The emitter of described 3rd triode T3 is electrically connected the negative electrode of described 4th diode D4 via described tenth resistance R10.The collector electrode of described 3rd triode T3 is electrically connected the base stage of described 4th triode T4 via described 11 resistance R11.The base stage of described 4th triode T4 is via described 12 resistance R12 ground connection.The grounded emitter of described 4th triode T4.The collector electrode of described 4th triode T4 receives described first direct voltage via described 13 resistance R13, and the collector electrode of described 4th triode T4 is electrically connected the base stage of described 5th triode T5.The grounded emitter of described 5th triode T5.The collector electrode of described 5th triode T5 receives described first direct voltage via described 14 resistance R14, and the collector electrode of described 5th triode T5 is electrically connected the grid of described field-effect transistor Q.The drain electrode of described field-effect transistor Q receives described first direct voltage.The source electrode of described field-effect transistor Q is respectively via described 15 resistance R15, described 4th electric capacity C4 and described 5th electric capacity C5 ground connection.The source electrode of described field-effect transistor Q is electrically connected described power consumption equipment 40.
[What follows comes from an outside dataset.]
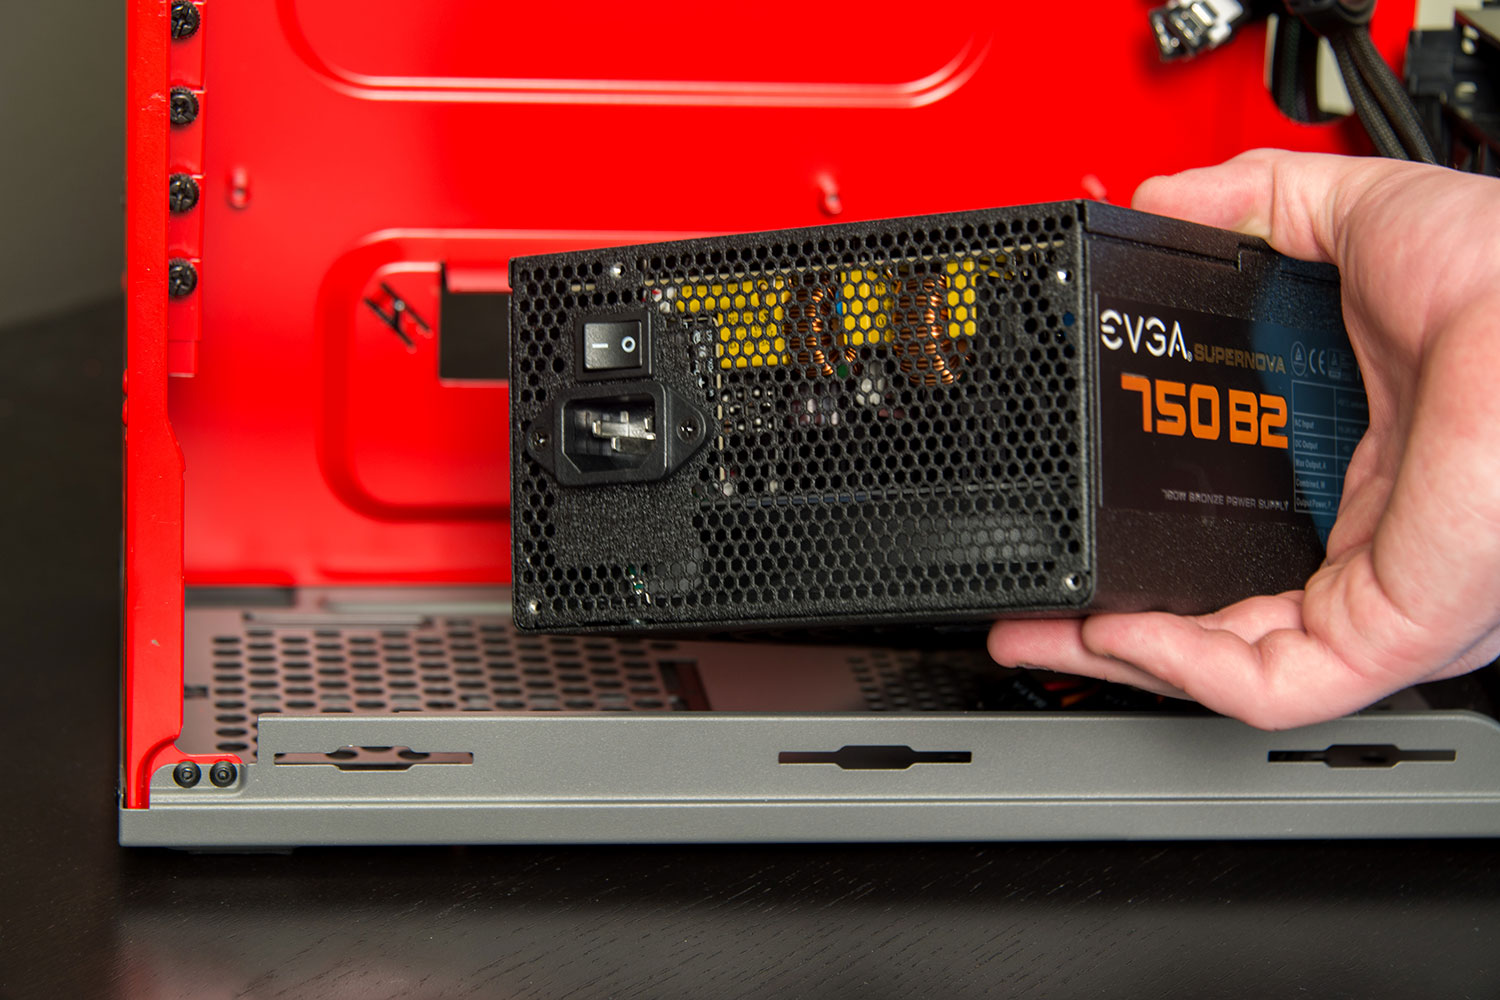 How to Troubleshoot a PC Power Supply - Newegg Business Smart Buyer

Wherein, described first triode T1, described second triode T2, described 4th triode T4 and described 5th triode T5 are NPN type triode.Described 3rd triode T3 is PNP type triode.Described field-effect transistor Q is N slot field-effect transistor.Described second diode D2 is light-emitting diode.The size of described first direct voltage is+12V.The output voltage range of described DC power supply U2 is+8V-+10V.The puncture voltage of described voltage stabilizing didoe DZ is+12.5V.Power supply protection system of the present invention can have the voltage stabilizing didoe DZ of corresponding puncture voltage according to the different choice of the utilization voltage of described power consumption equipment 40, make described power supply protection system can for different power consumption equipment 40 generation effects.
During work; when first direct voltage of described+12V accesses described power supply protection system; because the size of described first direct voltage is lower than the puncture voltage of described voltage stabilizing didoe DZ; described first direct voltage and described first triode T1 are isolated by described voltage stabilizing didoe DZ, make described first direct voltage cannot transfer to the base stage of described first triode T1.Described first direct voltage is that described first electric capacity C1 charges via described first diode D1 and described first resistance R1, and described DC power supply U2 produces described reference voltage by described 3rd resistance R3 and described 4th resistance R4 at the input in the same way of described comparator U1 simultaneously.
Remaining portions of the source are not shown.